§ **Source data**
________________________________________

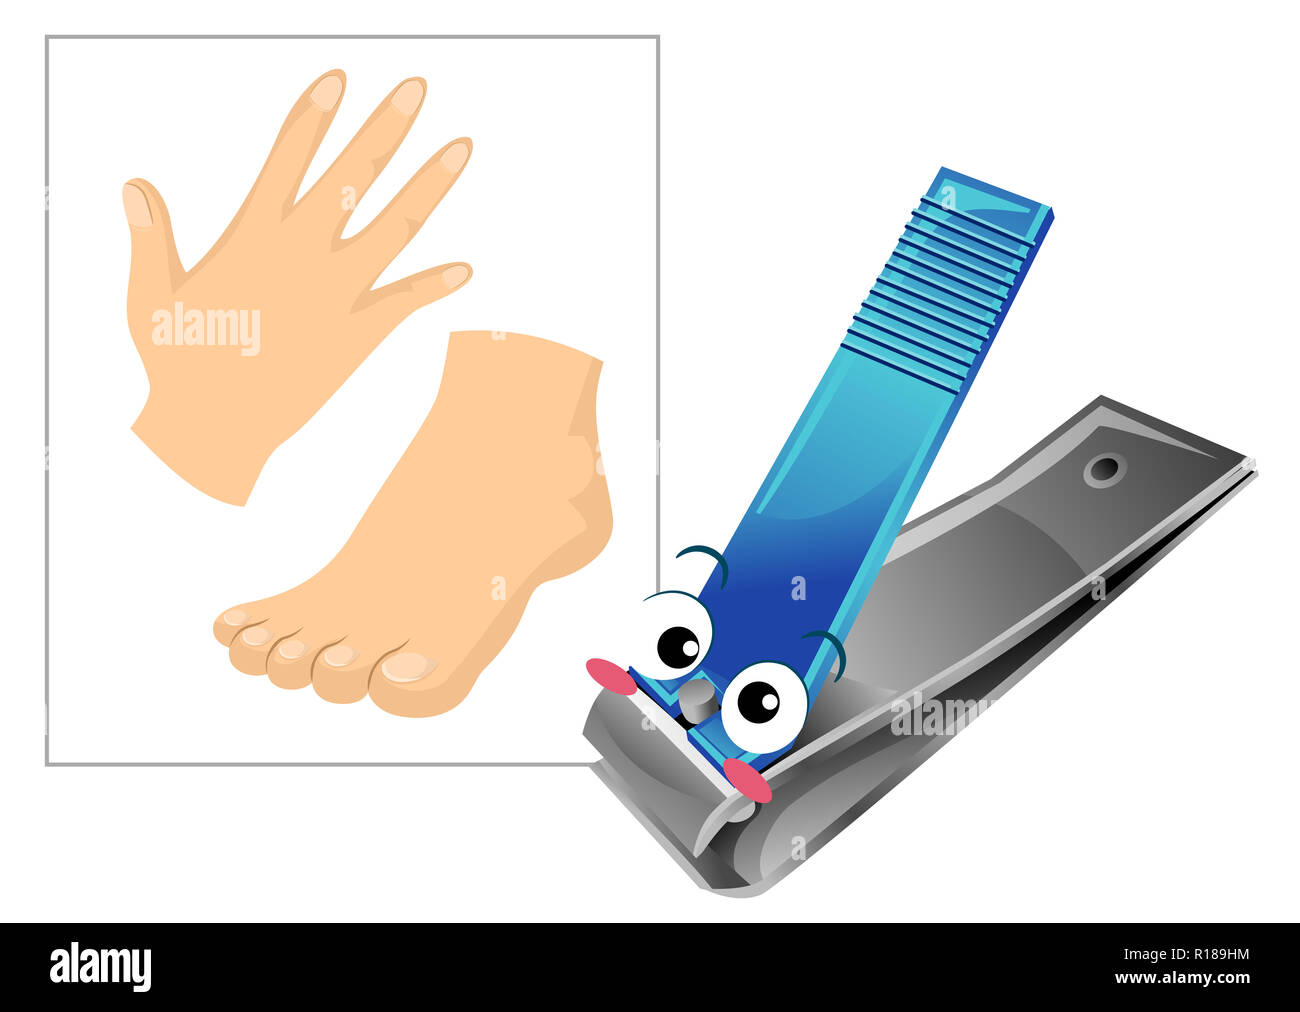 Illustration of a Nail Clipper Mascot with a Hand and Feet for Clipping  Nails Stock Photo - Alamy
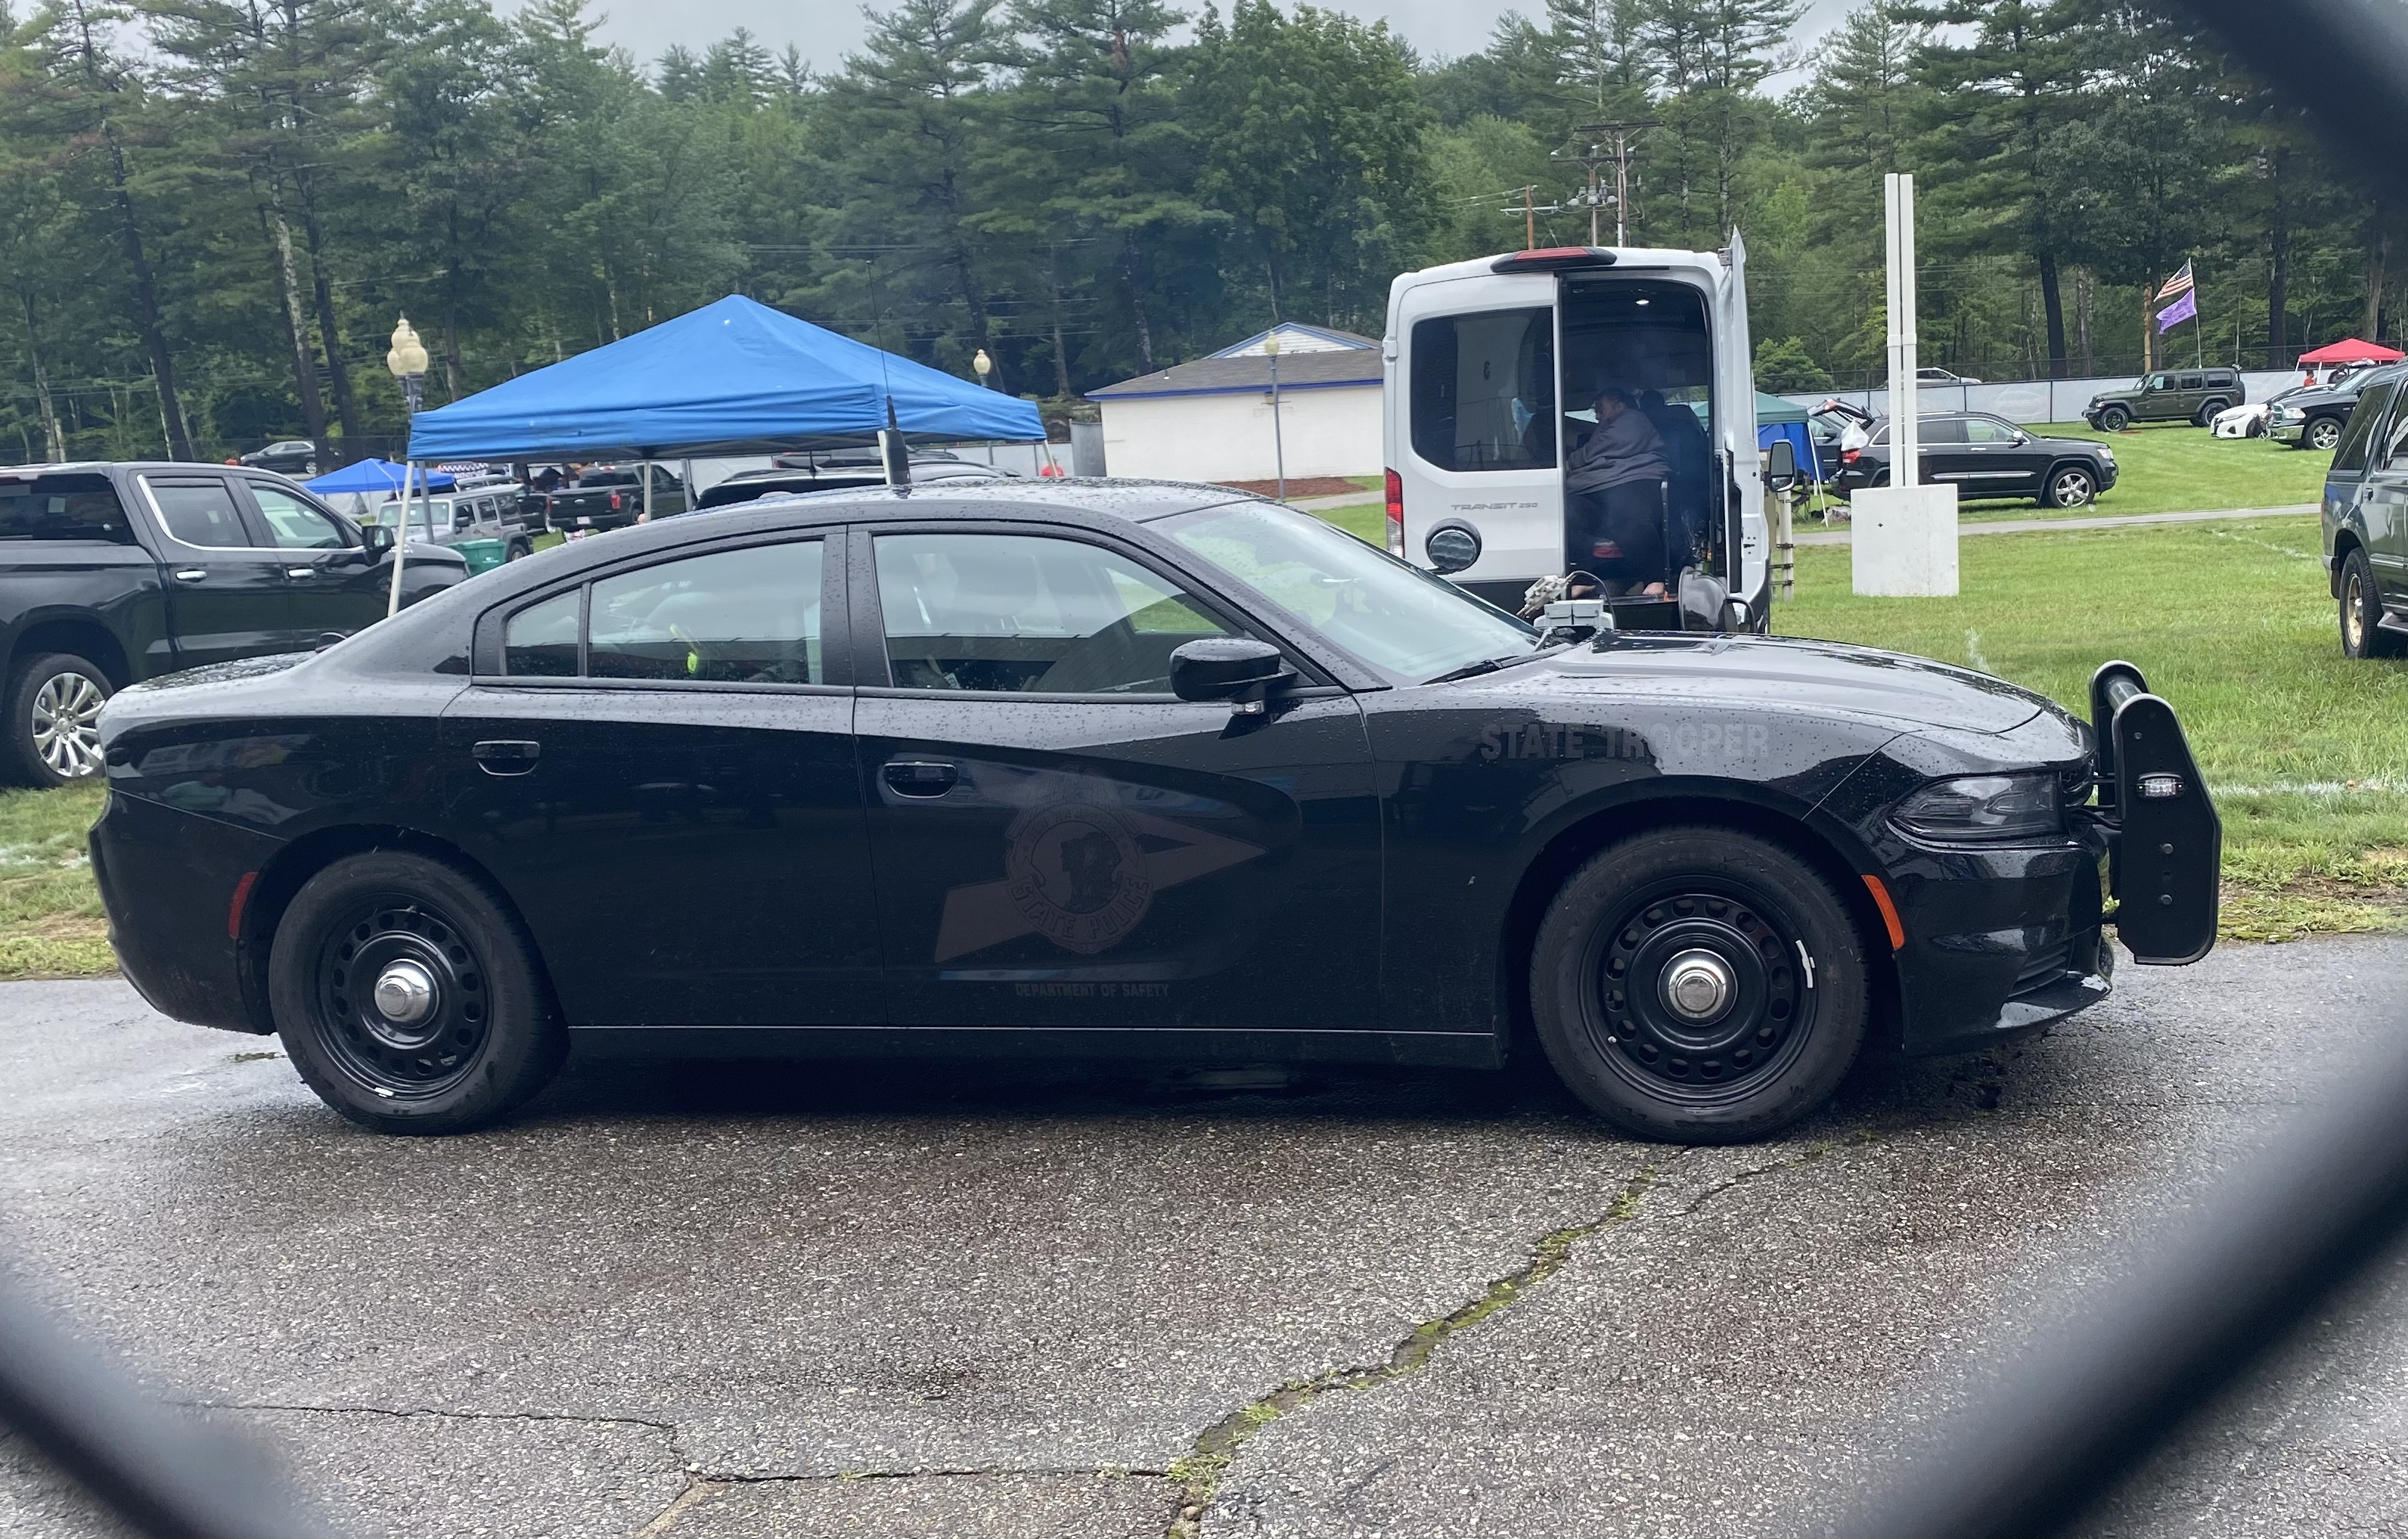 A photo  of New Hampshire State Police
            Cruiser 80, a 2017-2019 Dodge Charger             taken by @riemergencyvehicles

________________________________________

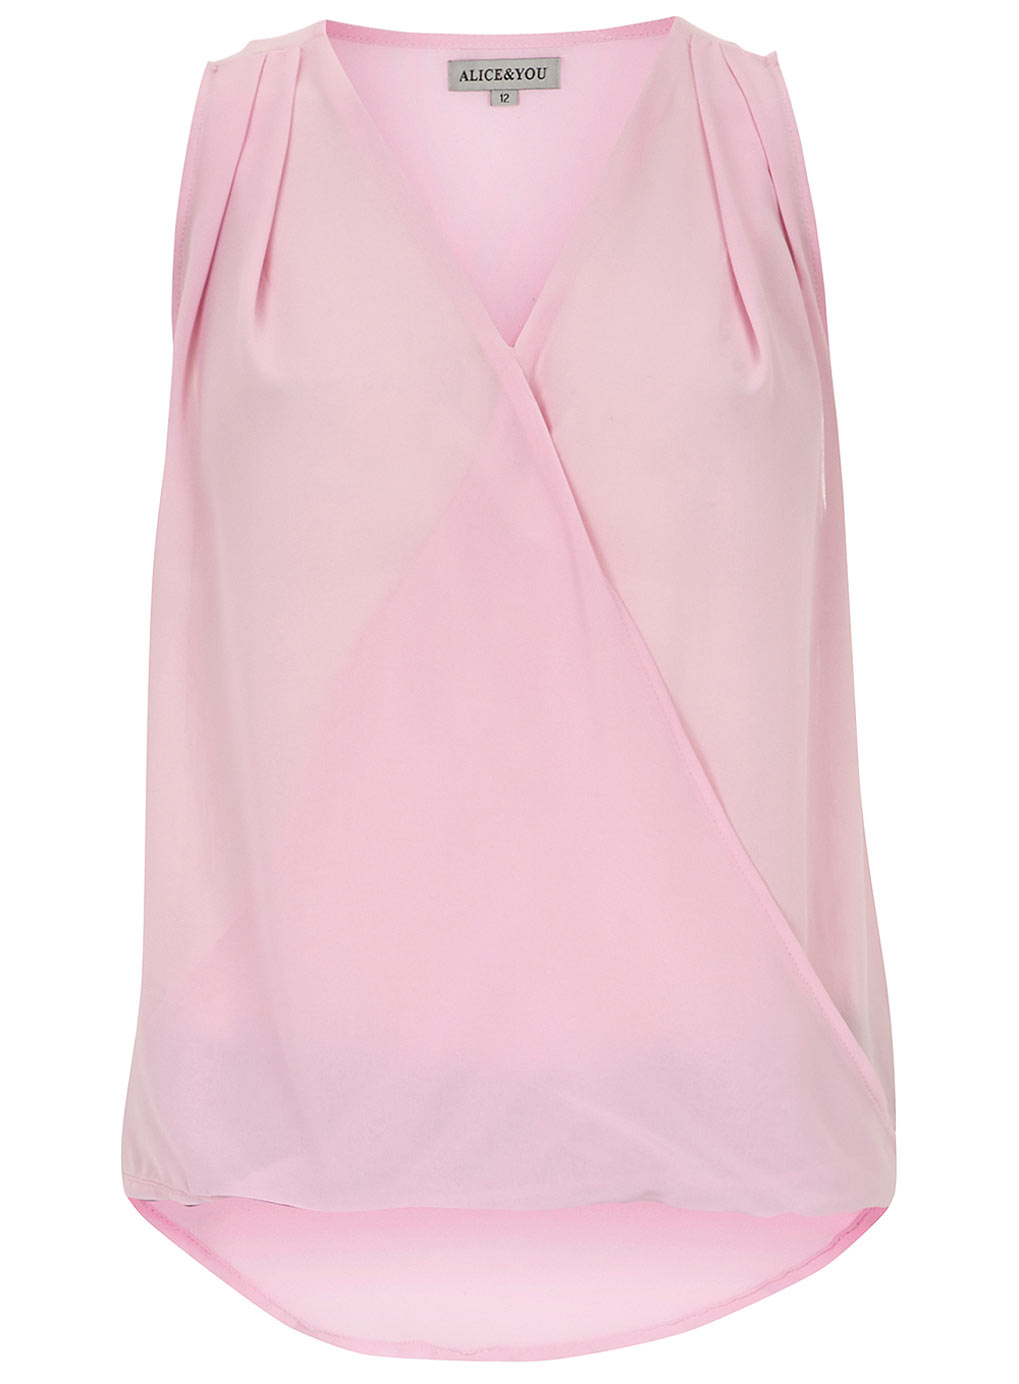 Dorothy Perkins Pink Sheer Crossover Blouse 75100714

________________________________________

§ **Work to be completed**
Word for word, restate the lines above from the one with "Hampshire State Police" through the one with "Cruiser 80, a", keeping both ends and dropping the pictures.

§ **Reply**
 A photo  of New Hampshire State Police
            Cruiser 80, a 2017-2019 Dodge Charger             taken by @riemergencyvehicles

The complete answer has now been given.